In the blanket media coverage of Apple’s extraordinary success, it’s hard to believe that any angle has gone underreported — but here’s one. “Most of Steve Jobs’ top lieutenants were with him a decade or more,” observes consultant Ram Charan. “He was the only person to build such a team in a big company.” Jobs not only found and kept knockout technologists, marketers, designers, and others but also welded them into a unit through a unique managerial system that included the famous marathon Monday meetings. He created a genuine dream team — the main reason he was so confident that Apple’s success would survive him.

In the 2012 edition of Fortune’s Executive Dream Team series, that’s what we’ll be looking for: superstar performers who can work together, pushing a larger agenda than just their own advancement. In today’s light-speed business environment, companies with such teams hold a powerful advantage. Apple’s tight-knit team has changed product pricing 48 hours before launch — inconceivable at most companies and possible only with an exceptionally integrated team.
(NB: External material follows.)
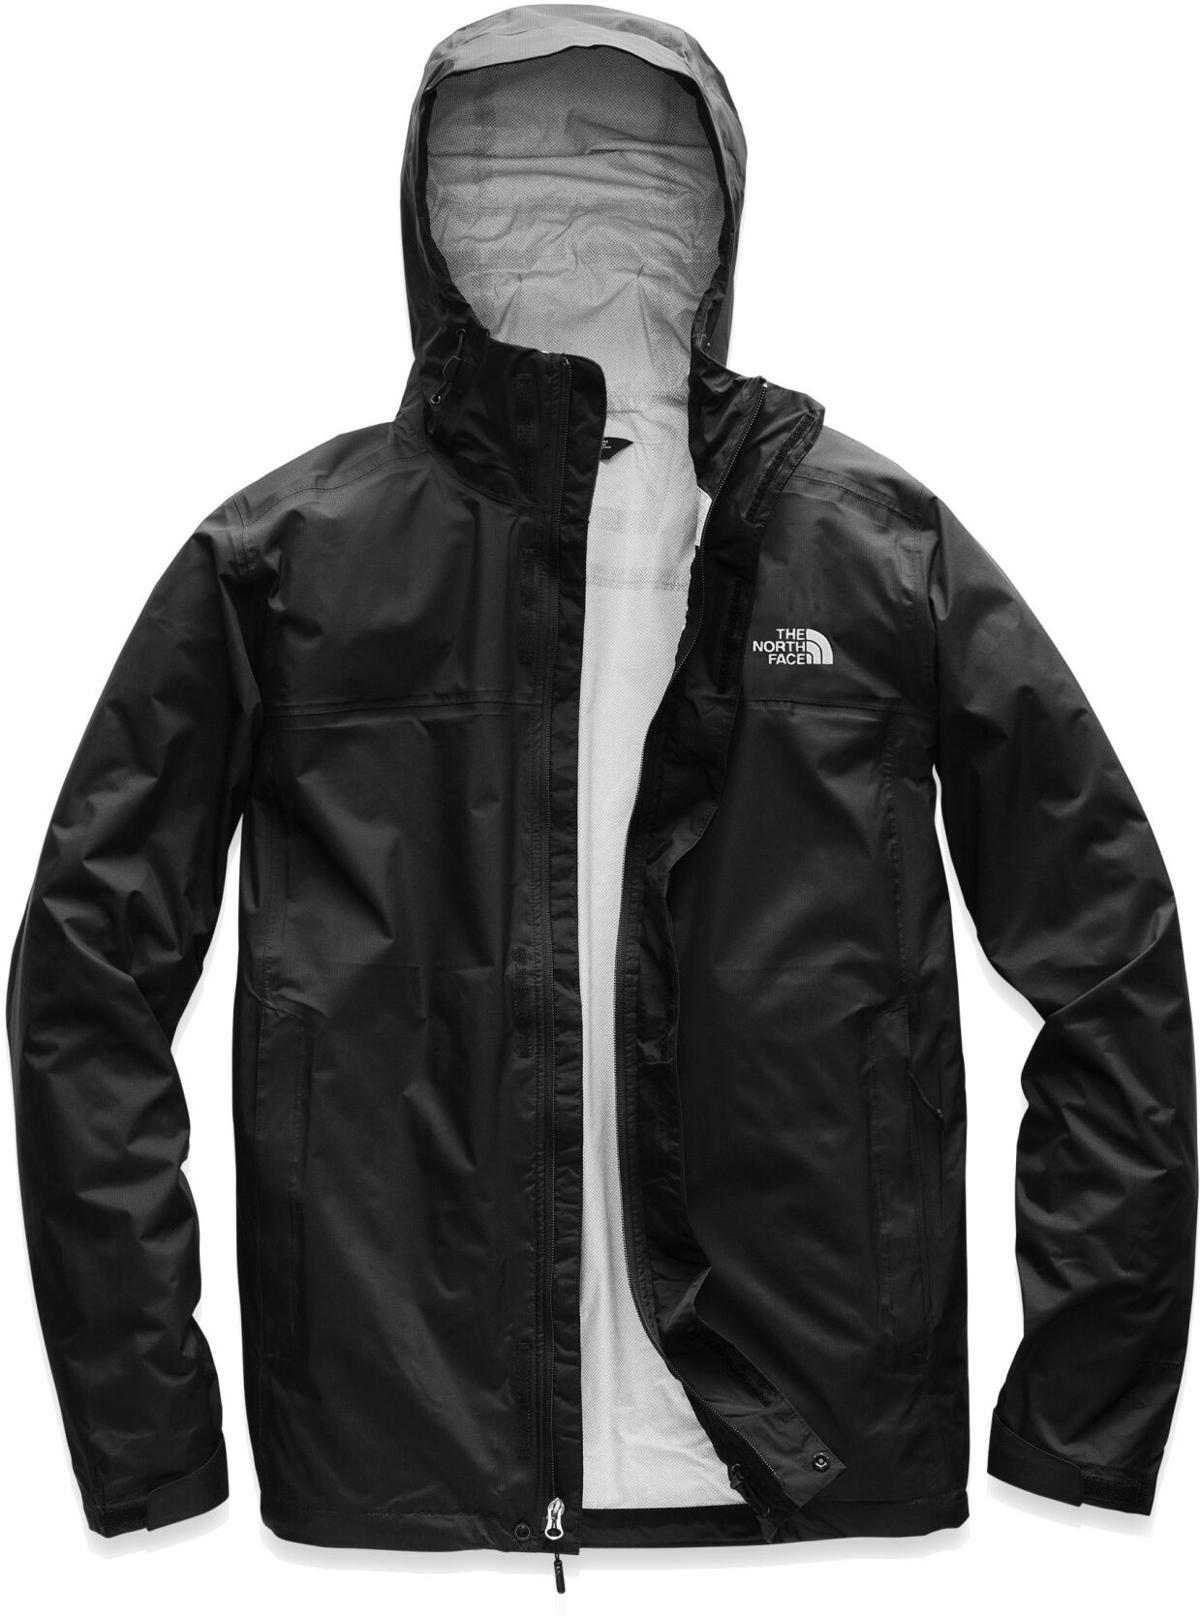 The North Face Venture Rain Jacket

Look at teams of all kinds in business, sports, and other fields, and you quickly spot a central lesson that’s easy to understand but hard to apply: A bunch of stars don’t necessarily combine into a great team. Everyone remembers the 1992 U.S. Olympic basketball team, the original Dream Team: Michael Jordan, Magic Johnson, Larry Bird, Charles Barkley, and Patrick Ewing. They won the gold. Hardly anyone remembers the star-filled 2004 team (LeBron James, Allen Iverson, Carmelo Anthony), which managed to beat Lithuania for the bronze after losing to Argentina and Puerto Rico. Great players, yet not a dominant team. The same principle — that even superstars may not be enough — applies in business. It’s a myth that “smart people do everything better,” says University of Michigan leadership expert Noel Tichy. The reality: “Smart people with aligned values and trust create high-performing teams.”


Click to pick your own Executive Dream Team.

In business even more than in sports, teams composed entirely of stars pose perils. That’s because top-tier executives may all be focused on getting the same job: the CEO’s. When one person’s victory means defeat for the rest, expecting the group to cooperate may be asking too much. So a team of potential CEOs may well fail.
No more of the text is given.